Both Apple Inc. (NASDAQ:AAPL) and Tesla Motors Inc (NASDAQ:TSLA) are both among most trending companies in the news. The key of their popularity is mainly the innovativeness of their products aimed towards revolutionizing the gadgets industry in Apple’s case and automobile industry in Tesla’s. However, while the general public is excited about the prospects of both companies, such as Apple’s recently released iPhone 6, Watch and Macbook and Tesla’s Model S and upcoming Model X and Model 3, investors views are very different in regard to each company. If we look at the short interest in Apple and Tesla separately we can see that most investors are net long Apple and net short Tesla.
This is supported by many factors. Tesla Motors Inc (NASDAQ:TSLA)’s stock skyrocketed in 2013, after the company released its Model, and since 2013 gained over 450%. On the other hand, Apple’s stock had a more modest growth of only 58% in the same period. However, if we look at the last 52 weeks, we see a reverse in trends as Tesla’s stock lost 17% versus Apple Inc. (NASDAQ:AAPL)’s growth of 55%. Moreover, if we take a look at the data that we collected across around 730 hedge funds we can also see that Apple’s popularity among investors doesn’t even stand close to the level of attention that Tesla gets. Apple Inc. (NASDAQ:AAPL) has been one of the most popular stocks among hedge funds for years with 149 funds holding around $20.88 billion worth of stock, while in Tesla only 25 funds reported holding shares with an aggregate value of $1.38 billion. However, short interest data shows some promises for Tesla Motors Inc (NASDAQ:TSLA)’s stock, since the number of shares shorted at the end of February amounted to 23.29 million, versus 23.34 million a month yearlier, while for Apple Inc. (NASDAQ:AAPL), the number of short shares went up to 72.72 million from 61.09 million. Nevertheless, Tesla’s short ratio currently amounts to 4.50, significantly above Apple’s 1.10.
The reasons in the change of the number of shares shorted for Apple and Tesla Motors Inc (NASDAQ:TSLA), again lie behind the recent performance of both stocks. Apple Inc. (NASDAQ:AAPL)’s stock gained 11% since the beginning of the year, as the company reported impressive earnings for the fourth quarter and reached a market capitalization of over $700 billion, becoming the largest publicly-traded company. Therefore, many investors decided that it’s time to take advantage of the recent gains and started selling shares. The trend actually started months ago, as our data shows that the number of funds holding shares of Apple fell from 154 a quarter earlier, while the value of the total capital invested in the company decreased from over $22 billion.

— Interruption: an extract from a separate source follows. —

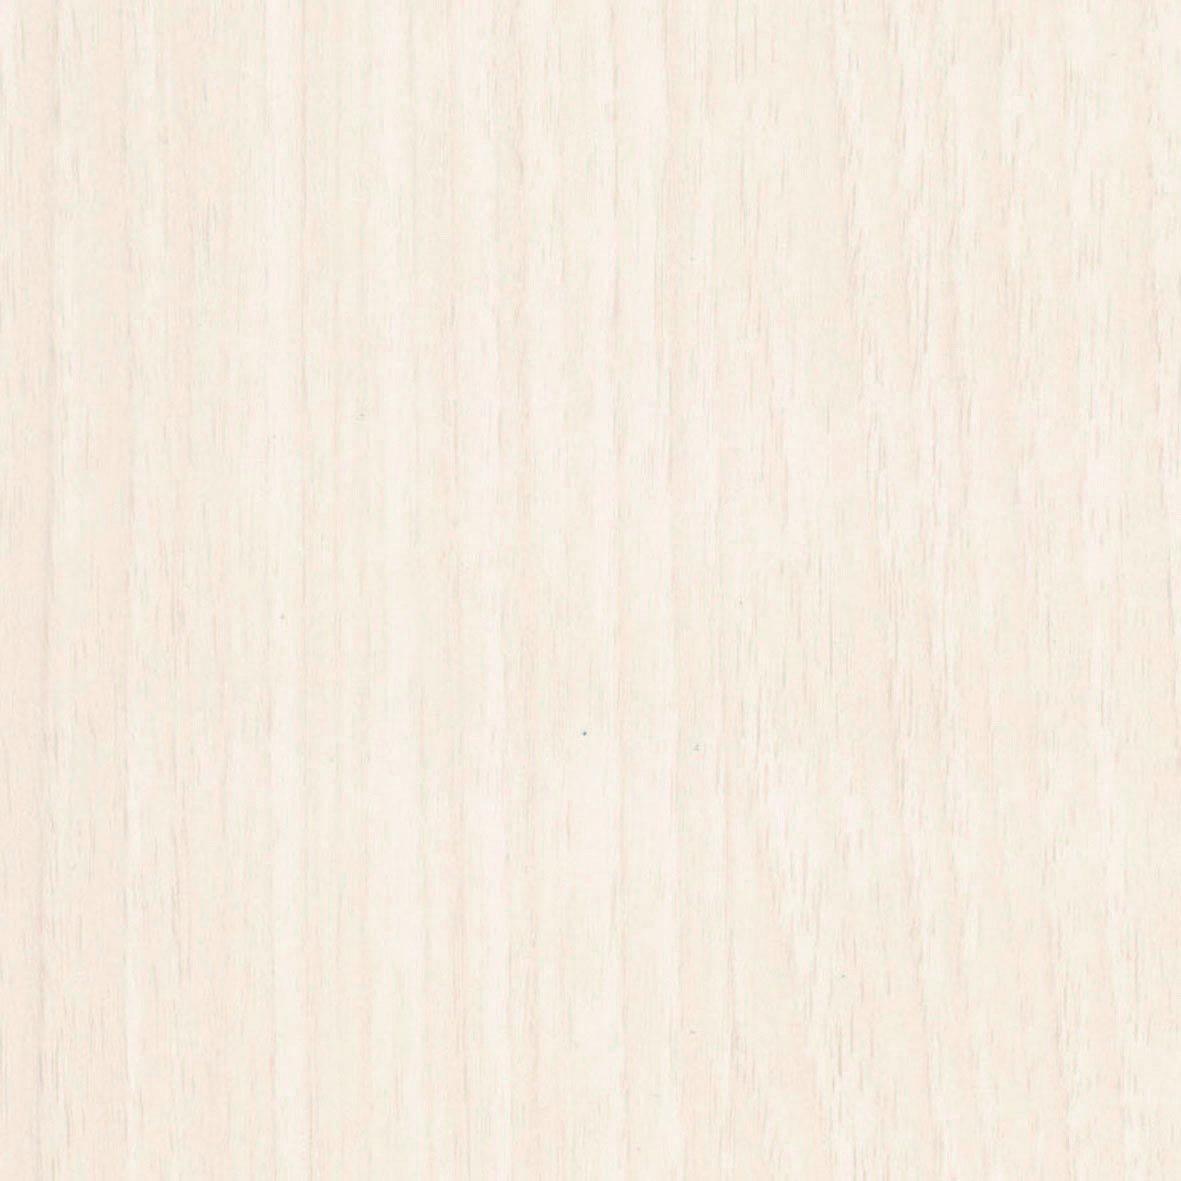 熱い販売 Wood ホワイト 木目調 ナチュラル 壁紙24m リリカラ Stone

For Tesla Motors Inc (NASDAQ:TSLA) the same trend can be noticed as at the end of the third quarter 31 funds held $1.73 billion worth of stock, significantly above the latest figures. Tesla’s latest earnings report showed an expansion in net loss to $107.60 million in the fourth quarter, from $74.7 million a year earlier. Nevertheless, the automaker promised to address the issues it faces currently in China that led to a decrease in sales and it has its Model X on its way, with deliveries expected in the third quarter, which means that 2015 has high chances to be more successful for the company.

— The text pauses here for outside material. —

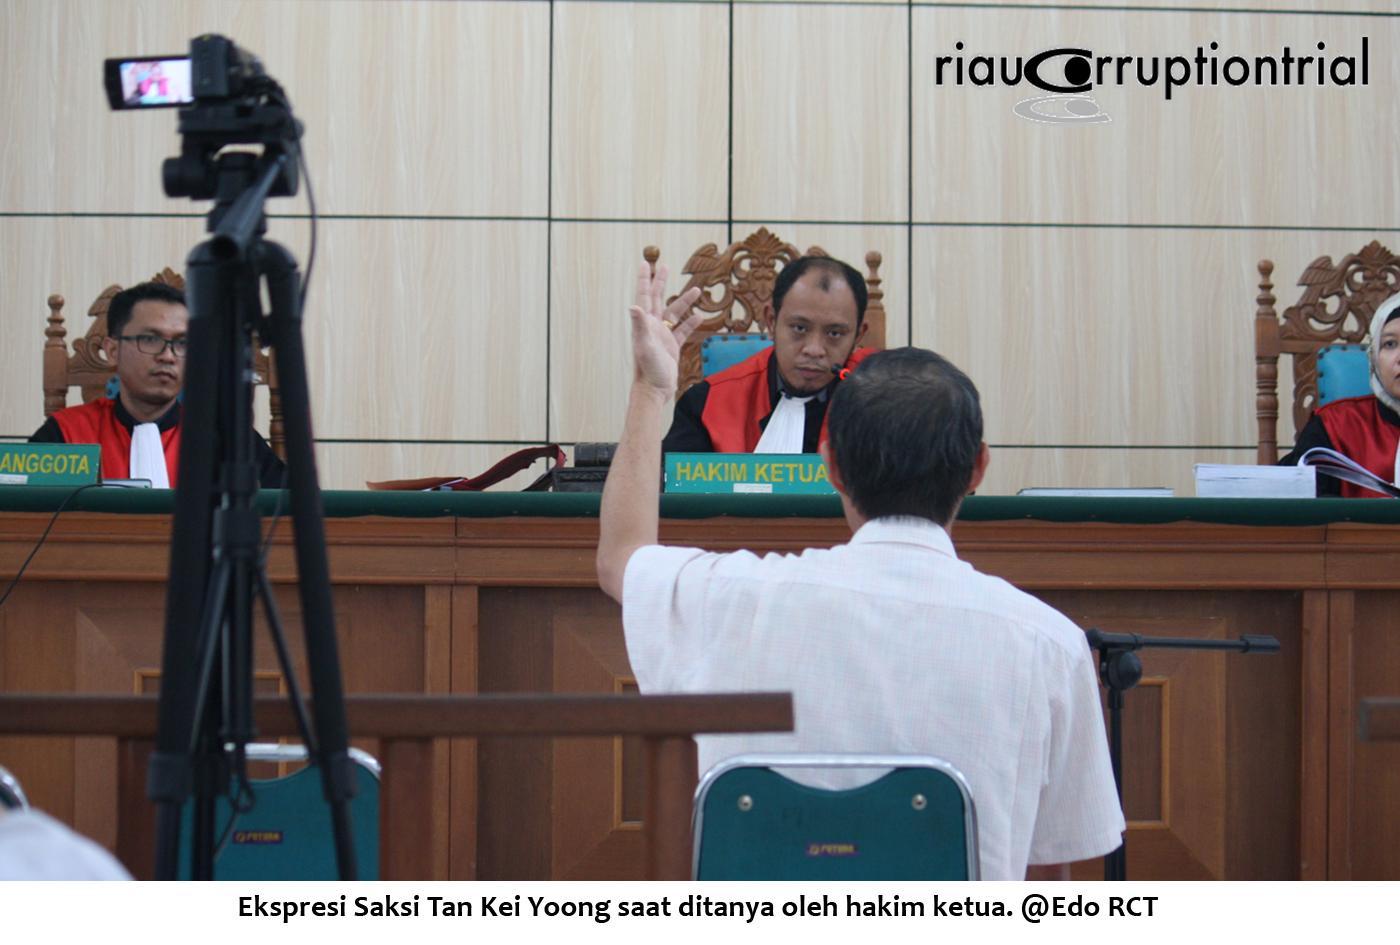 Ekspresi saksi tan Kei yoong

Even though both companies have a promising future, it is clear that investors are more confident regarding Apple Inc. (NASDAQ:AAPL) rather than Tesla Motors Inc (NASDAQ:TSLA), if we take each fund separately. For example among the funds that we track, the largest shareholder of Apple is billionaire Carl Icahn, who owns 52.71 million shares of the company, the $5.82 billion stake amassing 18% of his equity portfolio. On the other hand, the largest shareholder of Tesla is Daniel Bentor‘s Andor Capital Management, which owns 1.25 million shares, valued at $278.01 million, representing 17% of its equity portfolio. Andor also holds 3.0 million shares of Apple Inc. (NASDAQ:AAPL), valued at $331.14 million, representing 21% of the equity portfolio. Moreover, the trend shows that billionaire investors prefer to hold common shares of Apple Inc. (NASDAQ:AAPL), while in Tesla, they choose options or bonds.

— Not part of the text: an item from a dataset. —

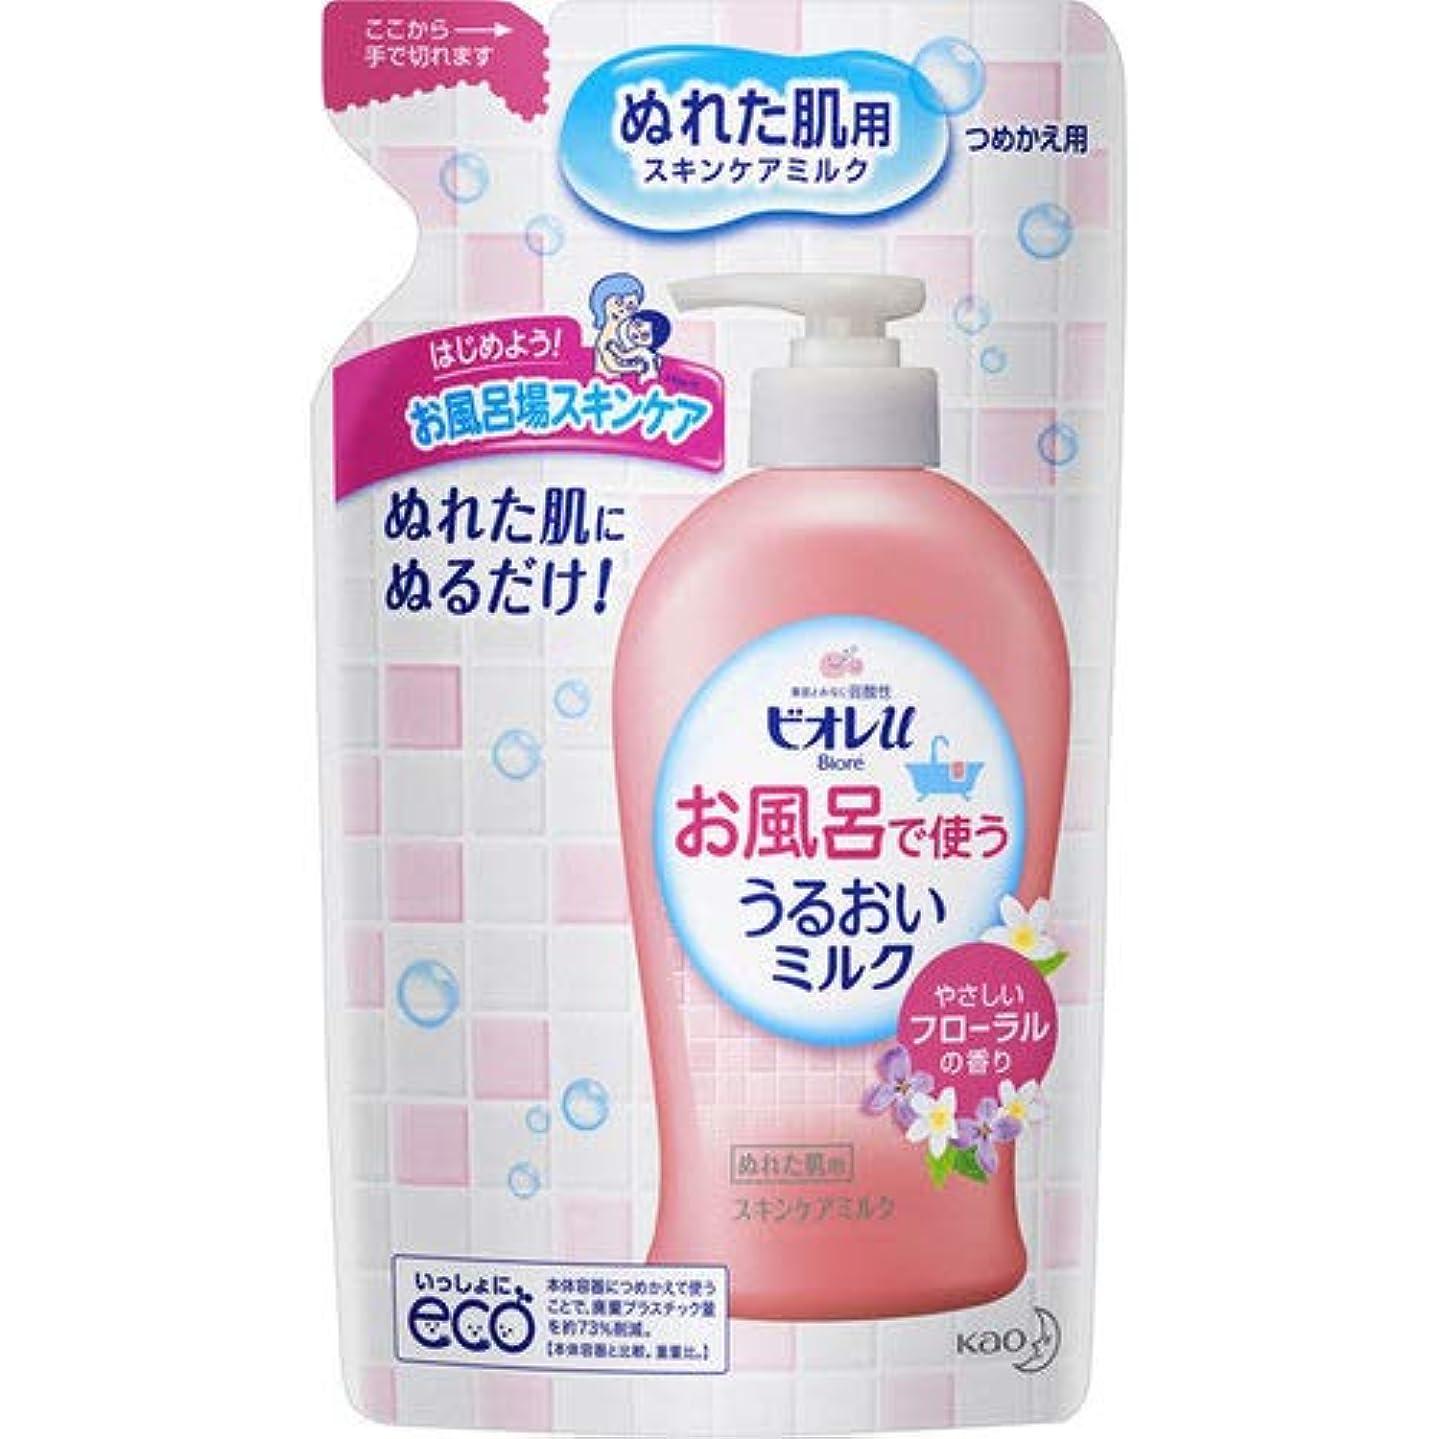 チャールズキージングすきビジョンビオレu お風呂で使ううるおいミルク フローラル つめかえ用 250mL

The bottom line for now is that Tesla Motors Inc (NASDAQ:TSLA)’s shares are overvalued, which explains investors’ bearish sentiment towards holding the stock. Tesla is a great company with huge prospects of revolutionizing the auto industry, but it has to convince investors into holding the stock for the long term, despite many analysts considering that the stock could soar even more in the next couple of years. Apple Inc. (NASDAQ:AAPL) has already proven its reliability over the years and if the company manages to keep its pace in bringing innovative products, it will continue to bring value to shareholders.